Further, it is necessarily true that if supplier economies are especially vulnerable to cyclical fluctuations, then economies which are primarily consumers of end stage goods, like the US, are the least vulnerable. If supplier economies are especially unable to decouple, then it followers that consumer economies are the most likely to be able to approach decoupling.
ECRI makes this point more explicitly elsewhere in their presentation:
[D]eveloping economies are very much subject to the Bullwhip Effect, where small fluctuations in consumer demand growth get amplified up the supply chain into big swings in demand as we move away from the consumer. So, smaller shifts in end consumer demand growth translate into larger fluctuations in intermediate goods demand, and even bigger ones in input material demand, and especially, raw material prices.In other words, an absolute contraction in supplier countries can be caused by simply continued growth, but at a slower rate, in a consumer country. Which means that converse is also true: an observed contraction in supplier economies (like China) does not necessarily mean that there is a contraction in consumer economies (like the US). Rather, consumer economies may simply continue to grow, just at a slower pace.

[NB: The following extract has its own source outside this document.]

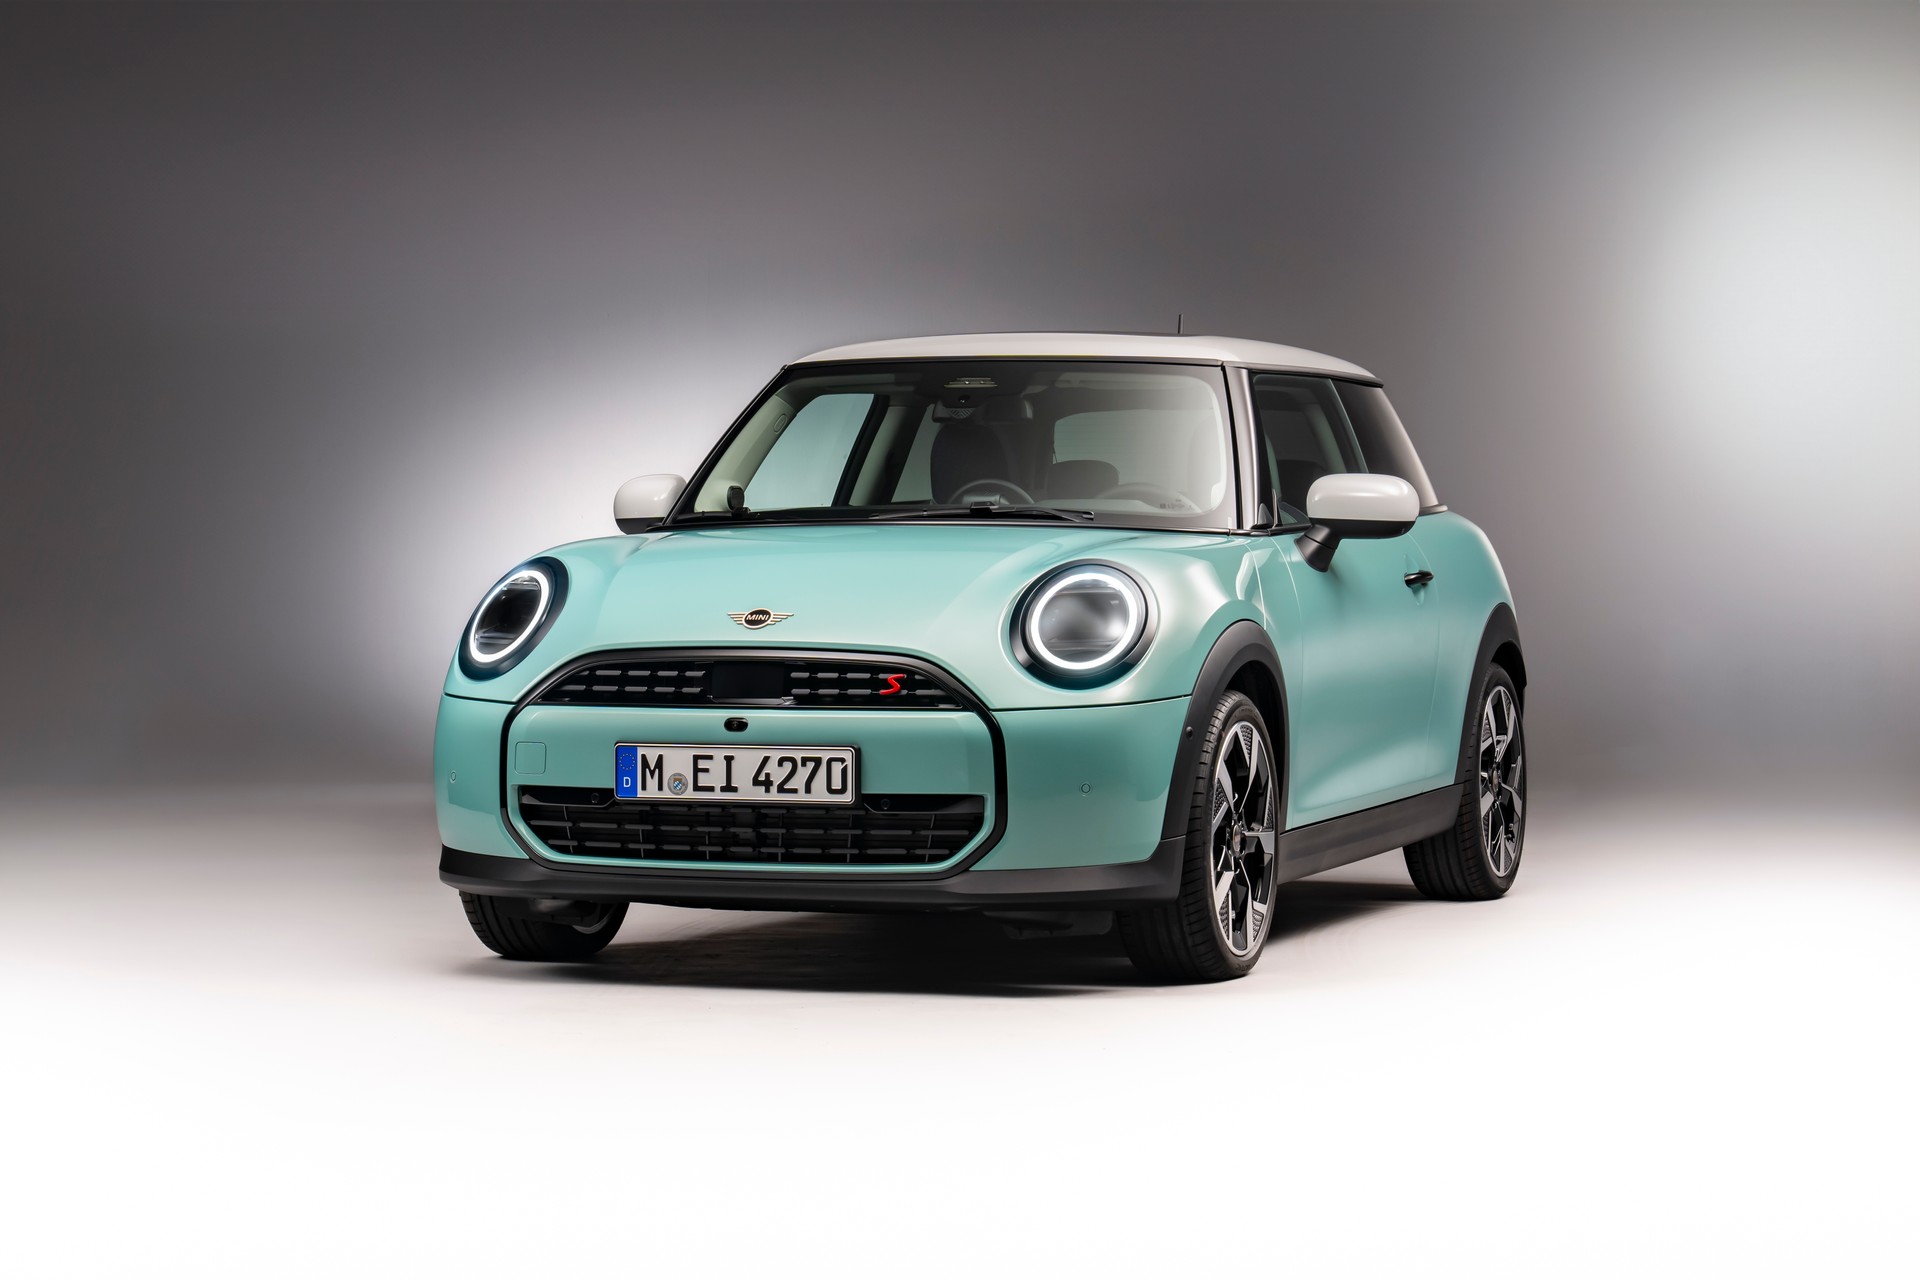 The new MINI Cooper, now also equipped with petrol engines

Even a modest decline in consumer spending growth in developed economies like the U.S. and Europe can help trigger a significant downdraft in the level of demand from suppliers and, in turn, a serious downturn in the level of demand for “suppliers to suppliers.”
As if that weren't clear enough, ECRI supplies this very helpful graph:

Unless I'm missing something, that arrow at the top for consumer countries in ECRI's diagram is still pointing UP.

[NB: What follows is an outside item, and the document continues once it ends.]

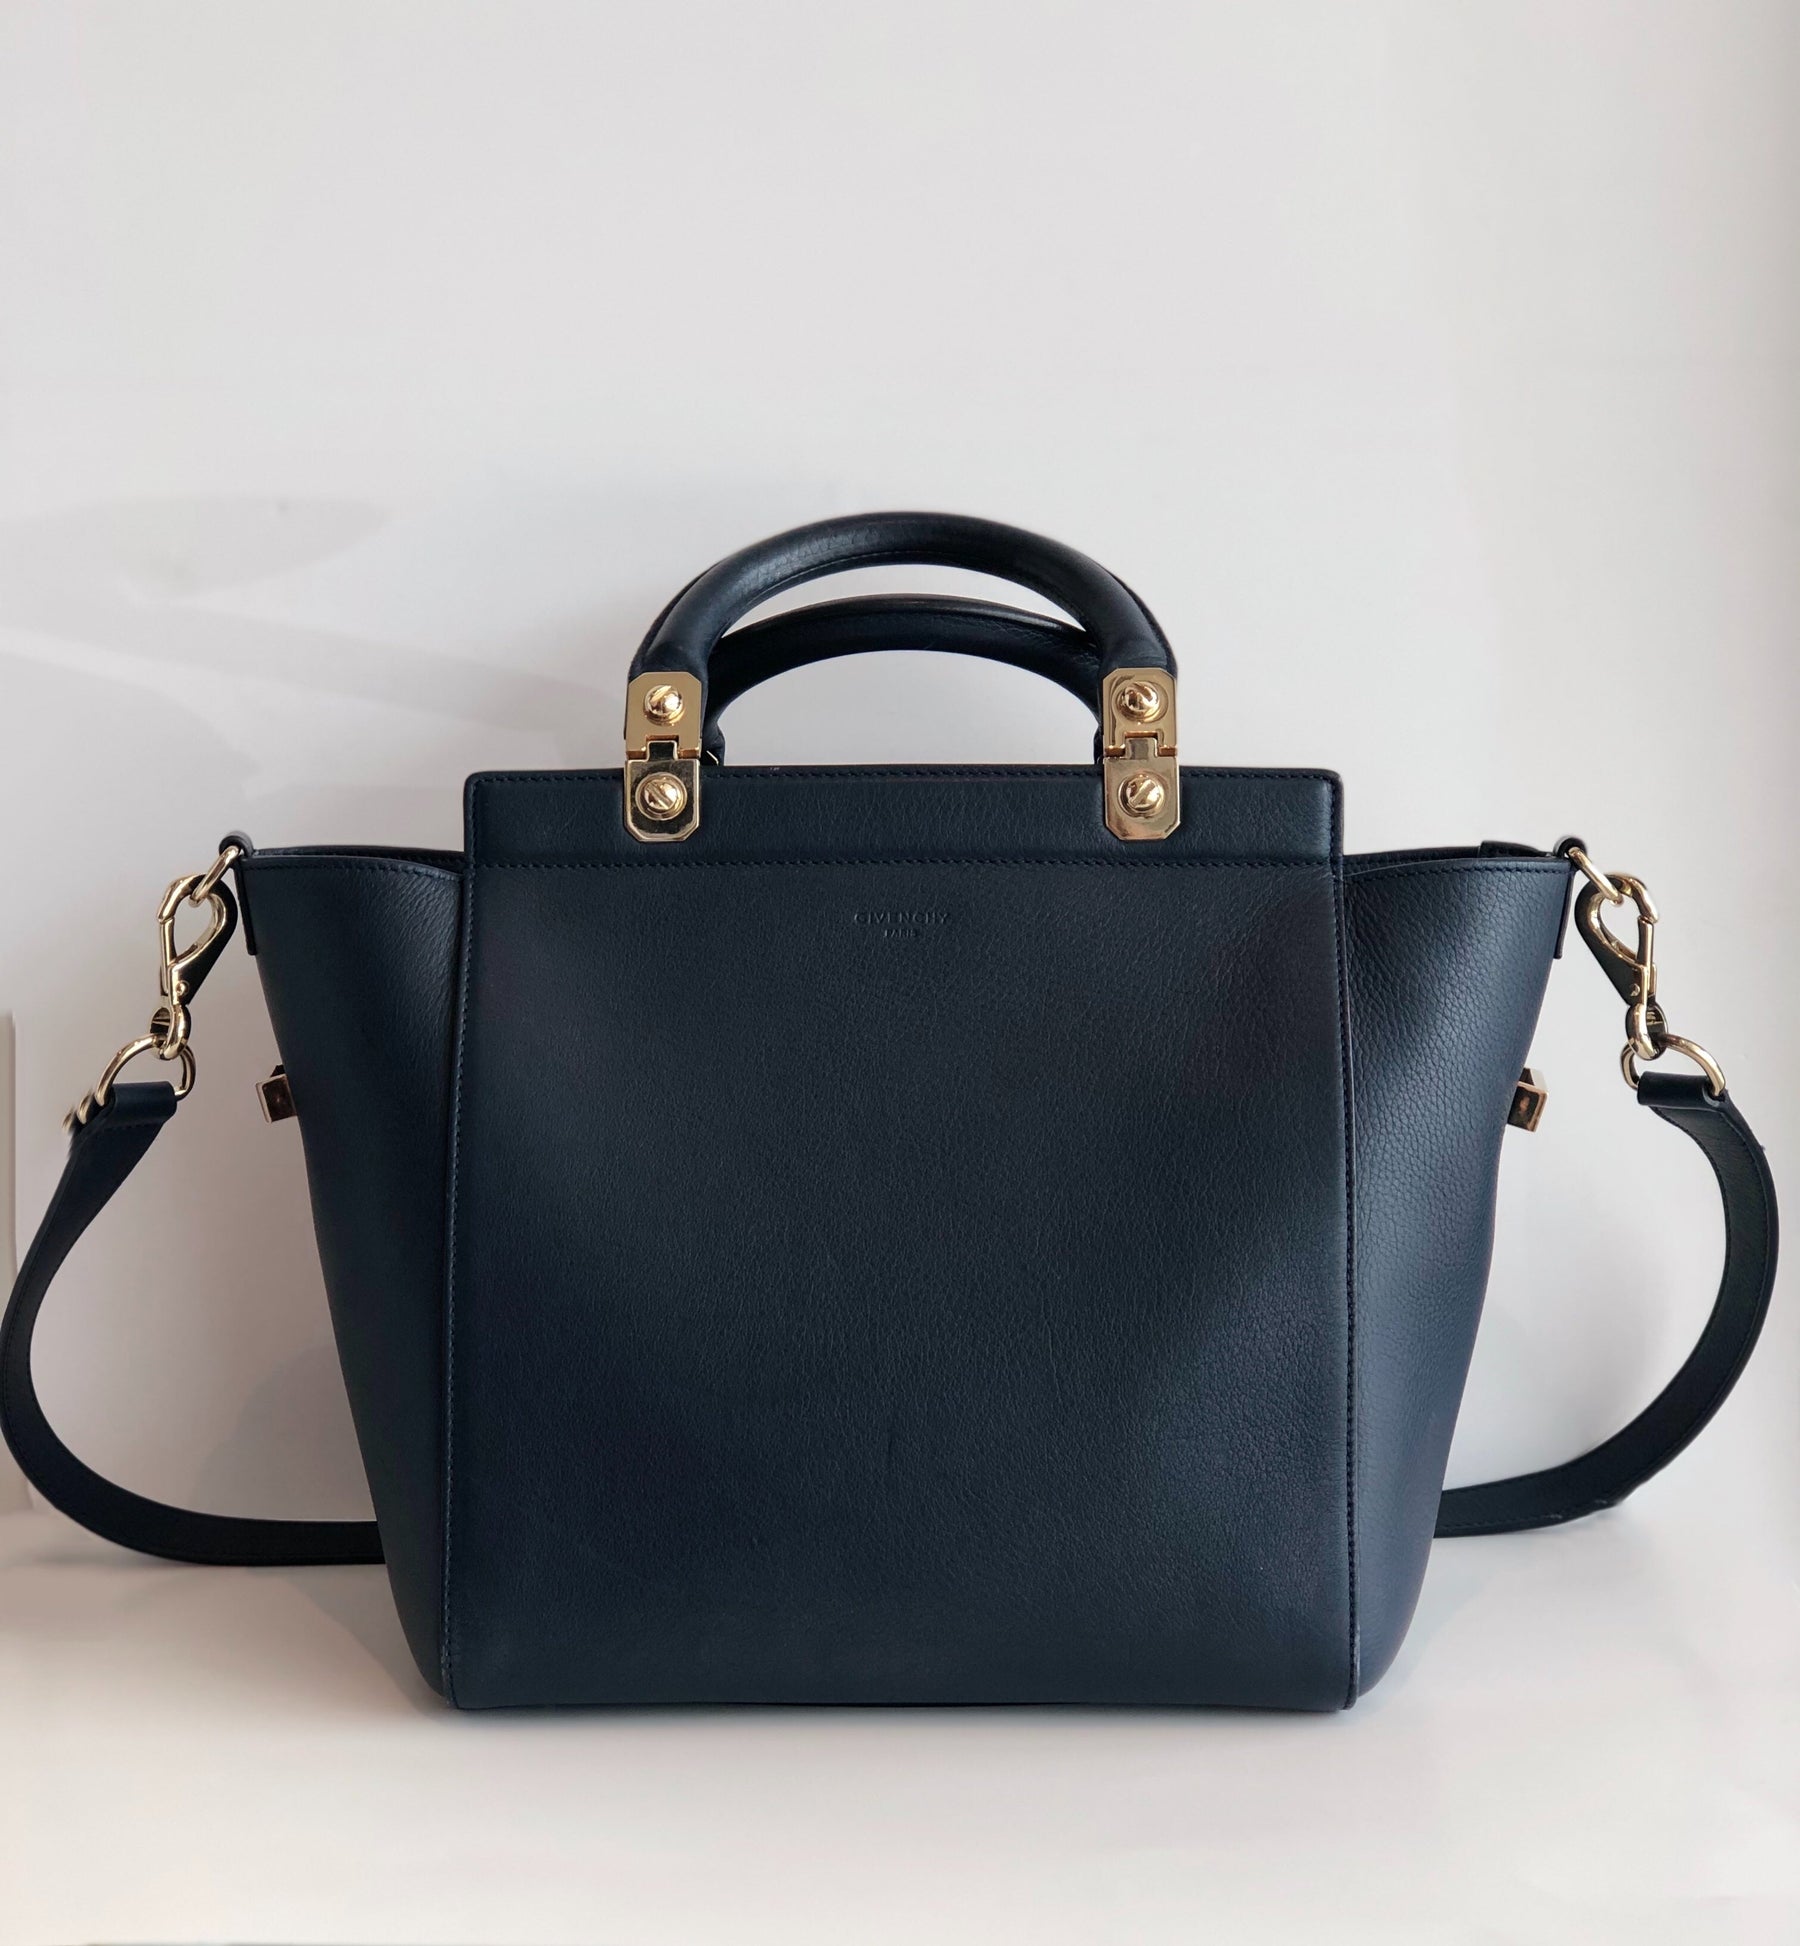 Givenchy HDG Top Handle Leather Tote Bag

So ECRI's own presentation suggests that their own indicator, the JoC ECRI commodities index, forecast a global downturn via its downdraft in the second part of 2011. But just as a recession in the US doesn't necesssarily mean a contraction in, say, Texas, so the global downturn measured by the commodities index may only have forecast slower growth in the US consumer economy.
ECRI's own presentation indicates as much. Oops!


4 comments:
Another body blow to the mythological ECRI/Hussman Recession. When are these guys gonna learn? NDD, when all is said and done, people are gonna carry you around on their shoulders! Recession....pulllleeeeeeze!
NDD, we should also remember that one of those supplier-to-supplier chains is the labor market in the US. Or
the two labor markets in the US if you prefer. The labor market for those who currently are employed and the labor market for those trying to enter the workforce. ECRI likely got it wrong on the US entering a recession as currently defined by economists and you have done a good job of dissecting the analysis for folks who are willing to read it. For millions of Americans, though, those in that second labor market, those graphs may just have gotten it right.
I'm a little bit concerned of today's unemployment claims report. Last week's claims was significantly revised upward from 348k to 364k. This was a huge revision. I haven't heard any reason for such a large revision. Thus, the 359,000 report this week is concerning. Will this report revised upward into the 370k or 380k range? This might be an indication that high gas prices is beginning to take its toll on the economy.